Although she isn’t my Persephone, she might not be entirely wrong.

I’m just as ruthless and merciless as the god of the underworld, and just like him, I don’t stop until I get what I want. It also hasn’t escaped me that since I met the goddess, obsession has slithered into my system like a malicious snake waiting for the right moment to strike.

I’m not sure if that’s something I can control.

Last night, as I had her pressed up against me, I was seconds away from fucking her against the wall.

Inhaling her scent and watching her body react to me did a number on my dick. I could barely contain myself.

While she did her best to resist me, I wanted to peel her clothes away layer by layer and taste all the parts of her I haven’t touched.

Fuck me.Listen to me. I’m inviting her into my mind again. Then again, she never left.

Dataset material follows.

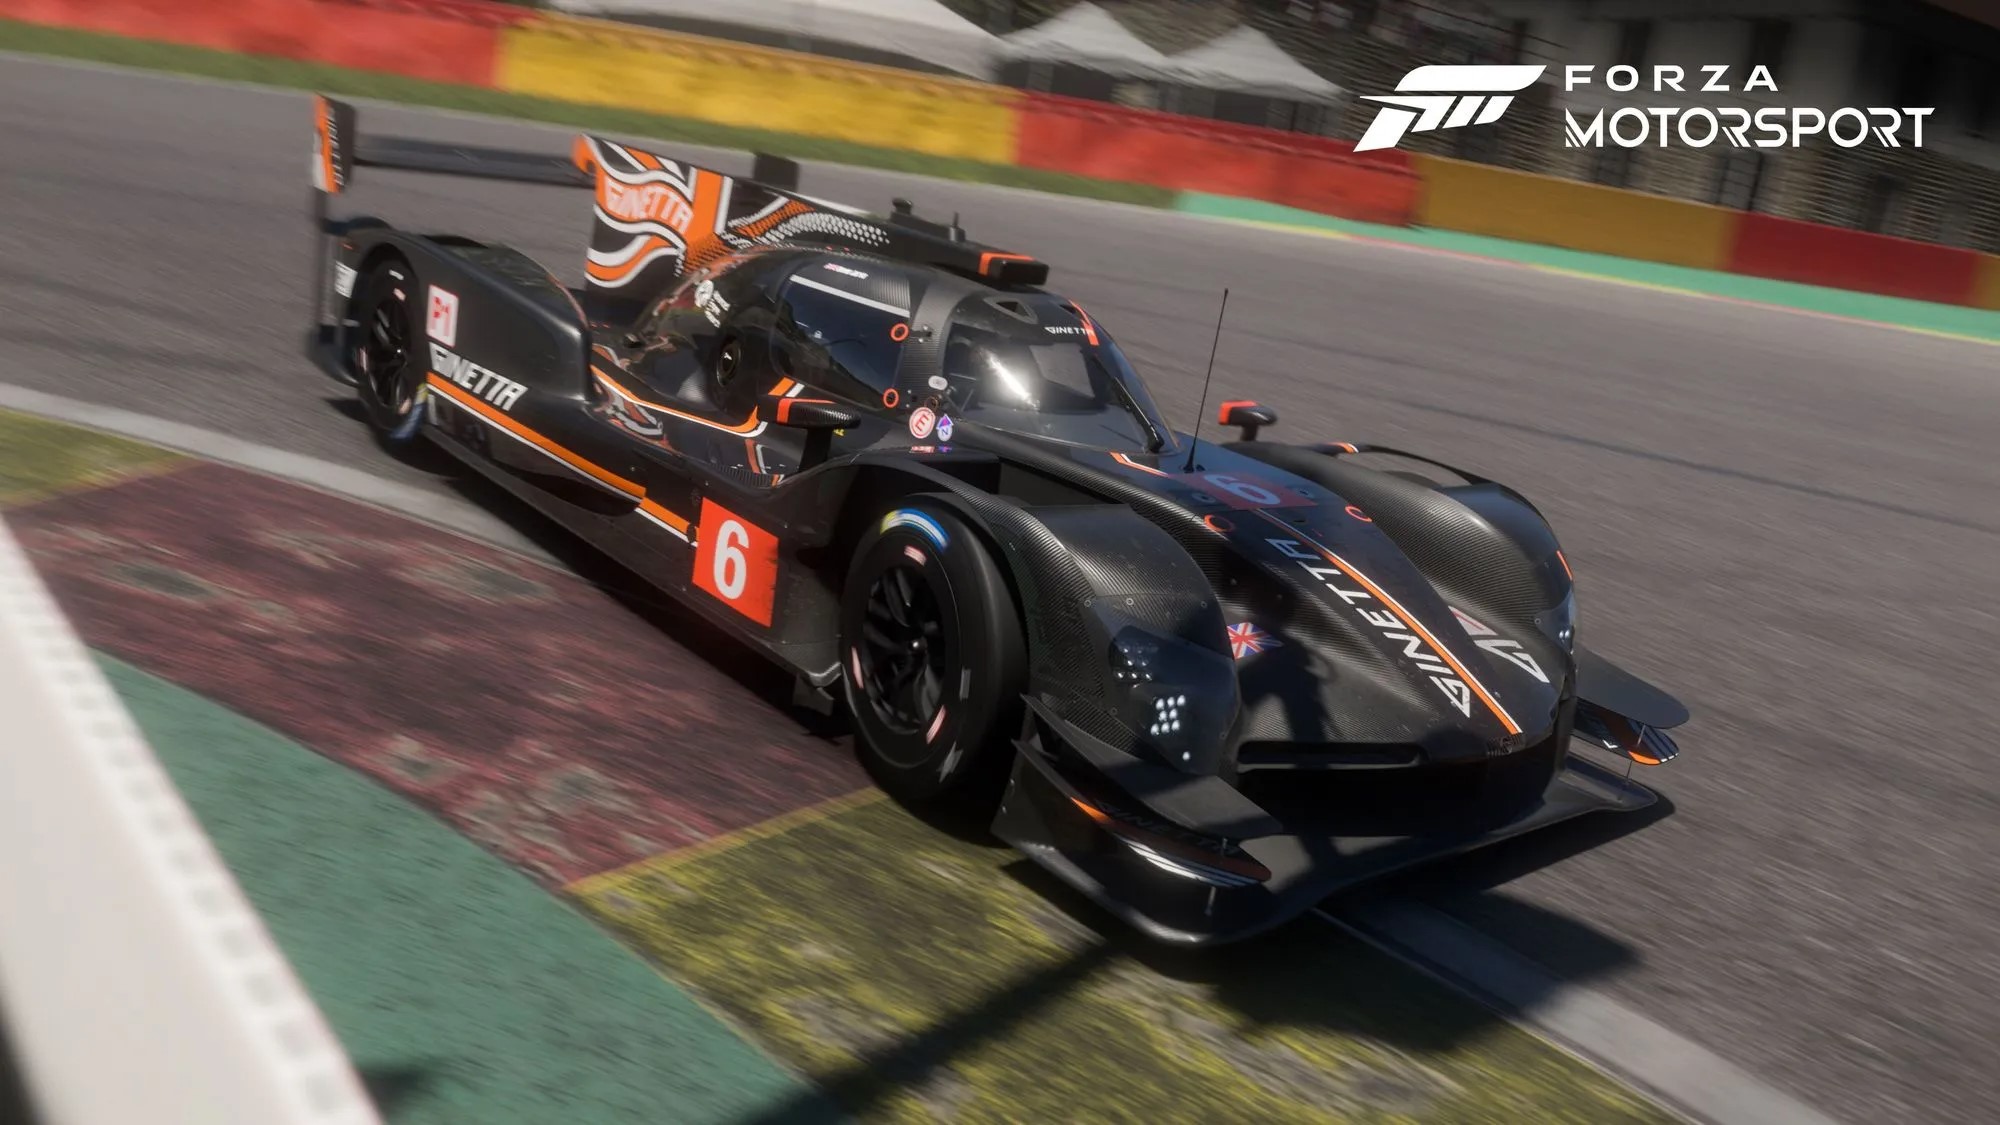 Grosse mise à jour de Forza Motorsport : nouveau circuit, livrées

Aurora Wright has lived in my head since my grandfather waved her picture in front of me like temptation on a platter.

But if she’s not my Persephone, what is she to me?

A pawn?

Collateral damage?

My forced bride-to-be?

For the last few hours, the question has rung through my mind over and over and over like the church bells at Notre Dame. And still, I don’t fucking know.

Aurora seems to be an anomaly. A little bit of everything and something more.

Something that revealed itself when I saw her coming out of my workshop.

The sight of her stirred buried emotions. Probably because there are elements about her that remind me of my ghost—Giselle.

Maybe Giselle decided to take a break from her angelic duties and play one last joke on me. A prank that would spark elements of the old me.Mebefore I became the devil.

Both Jericho and I have experienced some dark shit from the past that changed us forever. Shit outside of the way our father has treated us.

While Jericho deals with his demons with silence—not even speaking to me about them—I never had that luxury, and it fucked me up all six ways to Sunday.

Aurora would have definitely seen my sculptures and most likely looked through my sketch pads. They weren’t exactly hidden. The curiosity on her face was also confirmation.

The sculptures are part of a collection I started over a decade ago. I have one left to do. When I’m finished, everything will be shipped to my mother’s gallery in France for this years’ showcase, where they’ll be staying permanently.

They’ve been with me for far too long. It’s time to say goodbye now, the same way I should part with the ghost of the girl who inspired them.

That’s a story for another time. She always is.

Right now, I need to keep my eyes on my goals.

I’m meeting with my grandfather the moment I get into work, so today is when things really start moving.

Now that I’ve secured Sunset Cove, the next part of the plan is all about me.

Nothing should ruin what I have lined up, not even Nathan’s release.